_Problem_.
With the string "cross" as the filter, copy each matching line from the records.

_Supplied records_.
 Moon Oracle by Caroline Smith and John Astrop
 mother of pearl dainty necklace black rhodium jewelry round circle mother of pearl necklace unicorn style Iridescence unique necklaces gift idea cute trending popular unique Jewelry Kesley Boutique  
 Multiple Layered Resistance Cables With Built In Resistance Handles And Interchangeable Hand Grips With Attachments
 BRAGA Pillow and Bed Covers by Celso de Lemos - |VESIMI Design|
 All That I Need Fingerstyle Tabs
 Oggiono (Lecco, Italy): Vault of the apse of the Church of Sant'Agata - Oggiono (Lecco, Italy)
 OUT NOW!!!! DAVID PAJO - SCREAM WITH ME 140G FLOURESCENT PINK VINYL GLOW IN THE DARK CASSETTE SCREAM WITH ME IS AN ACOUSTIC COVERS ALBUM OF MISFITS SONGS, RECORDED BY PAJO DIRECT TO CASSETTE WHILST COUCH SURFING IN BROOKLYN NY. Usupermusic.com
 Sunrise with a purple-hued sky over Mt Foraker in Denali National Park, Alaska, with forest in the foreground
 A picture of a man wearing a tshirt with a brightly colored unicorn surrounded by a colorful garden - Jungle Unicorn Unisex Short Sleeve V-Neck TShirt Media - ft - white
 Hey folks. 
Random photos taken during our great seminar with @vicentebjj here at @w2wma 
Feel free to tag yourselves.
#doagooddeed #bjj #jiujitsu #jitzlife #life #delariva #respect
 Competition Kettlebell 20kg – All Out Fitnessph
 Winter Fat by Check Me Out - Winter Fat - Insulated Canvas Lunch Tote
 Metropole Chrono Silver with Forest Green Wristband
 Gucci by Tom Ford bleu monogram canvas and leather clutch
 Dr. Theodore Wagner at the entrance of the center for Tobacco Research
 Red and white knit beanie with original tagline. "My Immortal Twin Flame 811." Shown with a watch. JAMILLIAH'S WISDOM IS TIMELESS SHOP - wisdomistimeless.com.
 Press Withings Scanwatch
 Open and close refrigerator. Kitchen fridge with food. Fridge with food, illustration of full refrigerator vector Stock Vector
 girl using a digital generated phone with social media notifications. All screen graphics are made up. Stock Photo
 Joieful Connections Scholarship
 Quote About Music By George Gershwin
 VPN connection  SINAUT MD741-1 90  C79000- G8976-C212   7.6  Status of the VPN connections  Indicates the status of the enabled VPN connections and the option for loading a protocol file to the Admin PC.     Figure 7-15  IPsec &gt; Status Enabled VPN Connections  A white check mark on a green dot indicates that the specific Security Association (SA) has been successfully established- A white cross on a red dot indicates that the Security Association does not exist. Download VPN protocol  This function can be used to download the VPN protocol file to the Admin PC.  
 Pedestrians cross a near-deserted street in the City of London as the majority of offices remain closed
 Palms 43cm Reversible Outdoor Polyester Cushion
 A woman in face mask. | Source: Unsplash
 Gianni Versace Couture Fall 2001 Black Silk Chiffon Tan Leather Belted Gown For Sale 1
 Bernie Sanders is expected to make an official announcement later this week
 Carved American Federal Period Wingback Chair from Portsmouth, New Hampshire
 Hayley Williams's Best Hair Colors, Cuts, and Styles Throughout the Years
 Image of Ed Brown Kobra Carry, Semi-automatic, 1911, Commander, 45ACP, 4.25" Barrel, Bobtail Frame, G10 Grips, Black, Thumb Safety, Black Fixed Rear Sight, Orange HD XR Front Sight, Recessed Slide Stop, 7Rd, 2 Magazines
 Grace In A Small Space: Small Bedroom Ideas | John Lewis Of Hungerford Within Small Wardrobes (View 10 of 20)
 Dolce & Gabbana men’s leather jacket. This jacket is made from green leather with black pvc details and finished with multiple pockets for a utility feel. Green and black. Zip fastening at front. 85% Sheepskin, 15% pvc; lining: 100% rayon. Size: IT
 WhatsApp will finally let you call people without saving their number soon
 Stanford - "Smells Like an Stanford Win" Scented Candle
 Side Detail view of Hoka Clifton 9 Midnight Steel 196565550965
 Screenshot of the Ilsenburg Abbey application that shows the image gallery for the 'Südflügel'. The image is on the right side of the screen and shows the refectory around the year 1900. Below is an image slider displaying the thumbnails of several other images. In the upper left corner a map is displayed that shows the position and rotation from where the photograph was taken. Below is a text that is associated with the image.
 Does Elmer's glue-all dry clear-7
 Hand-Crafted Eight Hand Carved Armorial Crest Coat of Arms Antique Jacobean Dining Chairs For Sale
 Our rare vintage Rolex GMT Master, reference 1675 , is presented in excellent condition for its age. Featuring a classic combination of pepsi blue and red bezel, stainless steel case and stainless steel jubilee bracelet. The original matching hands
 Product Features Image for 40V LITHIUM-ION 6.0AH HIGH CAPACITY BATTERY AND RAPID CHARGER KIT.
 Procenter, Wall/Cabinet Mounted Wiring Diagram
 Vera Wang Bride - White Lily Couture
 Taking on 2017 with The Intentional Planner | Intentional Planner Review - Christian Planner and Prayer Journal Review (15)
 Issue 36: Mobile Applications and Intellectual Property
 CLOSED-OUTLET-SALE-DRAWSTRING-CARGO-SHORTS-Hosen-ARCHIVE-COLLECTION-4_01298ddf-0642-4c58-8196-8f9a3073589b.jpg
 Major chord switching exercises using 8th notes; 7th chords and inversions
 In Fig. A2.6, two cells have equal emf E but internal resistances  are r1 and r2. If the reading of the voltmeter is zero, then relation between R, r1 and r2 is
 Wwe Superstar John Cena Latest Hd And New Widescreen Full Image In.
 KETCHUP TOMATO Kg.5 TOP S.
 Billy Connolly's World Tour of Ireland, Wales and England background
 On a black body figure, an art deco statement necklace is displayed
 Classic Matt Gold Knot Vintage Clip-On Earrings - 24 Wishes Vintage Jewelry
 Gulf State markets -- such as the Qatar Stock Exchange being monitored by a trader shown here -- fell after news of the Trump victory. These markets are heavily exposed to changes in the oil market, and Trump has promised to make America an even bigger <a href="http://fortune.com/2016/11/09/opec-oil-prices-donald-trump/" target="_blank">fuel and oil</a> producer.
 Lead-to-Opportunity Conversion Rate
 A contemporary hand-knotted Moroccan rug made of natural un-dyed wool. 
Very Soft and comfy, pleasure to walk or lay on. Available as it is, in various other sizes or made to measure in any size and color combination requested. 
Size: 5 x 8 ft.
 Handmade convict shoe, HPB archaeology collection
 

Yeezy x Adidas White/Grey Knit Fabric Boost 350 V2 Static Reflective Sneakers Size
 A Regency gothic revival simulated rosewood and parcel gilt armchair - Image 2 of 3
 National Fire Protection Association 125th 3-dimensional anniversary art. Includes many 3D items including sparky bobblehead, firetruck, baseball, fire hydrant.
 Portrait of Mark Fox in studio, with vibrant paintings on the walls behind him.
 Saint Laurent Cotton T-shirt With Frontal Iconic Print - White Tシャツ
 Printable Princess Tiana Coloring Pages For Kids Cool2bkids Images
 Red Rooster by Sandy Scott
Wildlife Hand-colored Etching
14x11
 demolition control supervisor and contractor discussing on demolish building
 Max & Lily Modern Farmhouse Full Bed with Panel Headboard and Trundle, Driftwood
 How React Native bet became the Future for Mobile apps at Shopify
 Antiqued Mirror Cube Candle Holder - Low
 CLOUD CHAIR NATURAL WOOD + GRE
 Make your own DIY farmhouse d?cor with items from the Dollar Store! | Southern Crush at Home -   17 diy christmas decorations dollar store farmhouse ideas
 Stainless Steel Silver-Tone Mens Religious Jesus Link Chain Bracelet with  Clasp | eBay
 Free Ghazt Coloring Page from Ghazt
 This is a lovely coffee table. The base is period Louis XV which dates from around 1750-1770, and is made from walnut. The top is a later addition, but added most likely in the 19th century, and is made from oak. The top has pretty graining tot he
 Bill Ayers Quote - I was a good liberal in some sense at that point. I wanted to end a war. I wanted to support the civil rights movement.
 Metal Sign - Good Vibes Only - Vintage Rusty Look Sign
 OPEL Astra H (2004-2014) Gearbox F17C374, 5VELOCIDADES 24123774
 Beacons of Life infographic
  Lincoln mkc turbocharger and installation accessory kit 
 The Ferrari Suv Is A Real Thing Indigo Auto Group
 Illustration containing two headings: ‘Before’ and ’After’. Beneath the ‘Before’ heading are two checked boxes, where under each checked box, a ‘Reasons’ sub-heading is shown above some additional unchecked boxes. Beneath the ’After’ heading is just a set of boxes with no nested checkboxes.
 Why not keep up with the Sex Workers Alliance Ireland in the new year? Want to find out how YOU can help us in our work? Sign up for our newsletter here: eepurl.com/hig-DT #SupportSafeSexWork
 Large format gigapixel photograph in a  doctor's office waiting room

_Exercise answer_.
 VPN connection  SINAUT MD741-1 90  C79000- G8976-C212   7.6  Status of the VPN connections  Indicates the status of the enabled VPN connections and the option for loading a protocol file to the Admin PC.     Figure 7-15  IPsec &gt; Status Enabled VPN Connections  A white check mark on a green dot indicates that the specific Security Association (SA) has been successfully established- A white cross on a red dot indicates that the Security Association does not exist. Download VPN protocol  This function can be used to download the VPN protocol file to the Admin PC.  
 Pedestrians cross a near-deserted street in the City of London as the majority of offices remain closed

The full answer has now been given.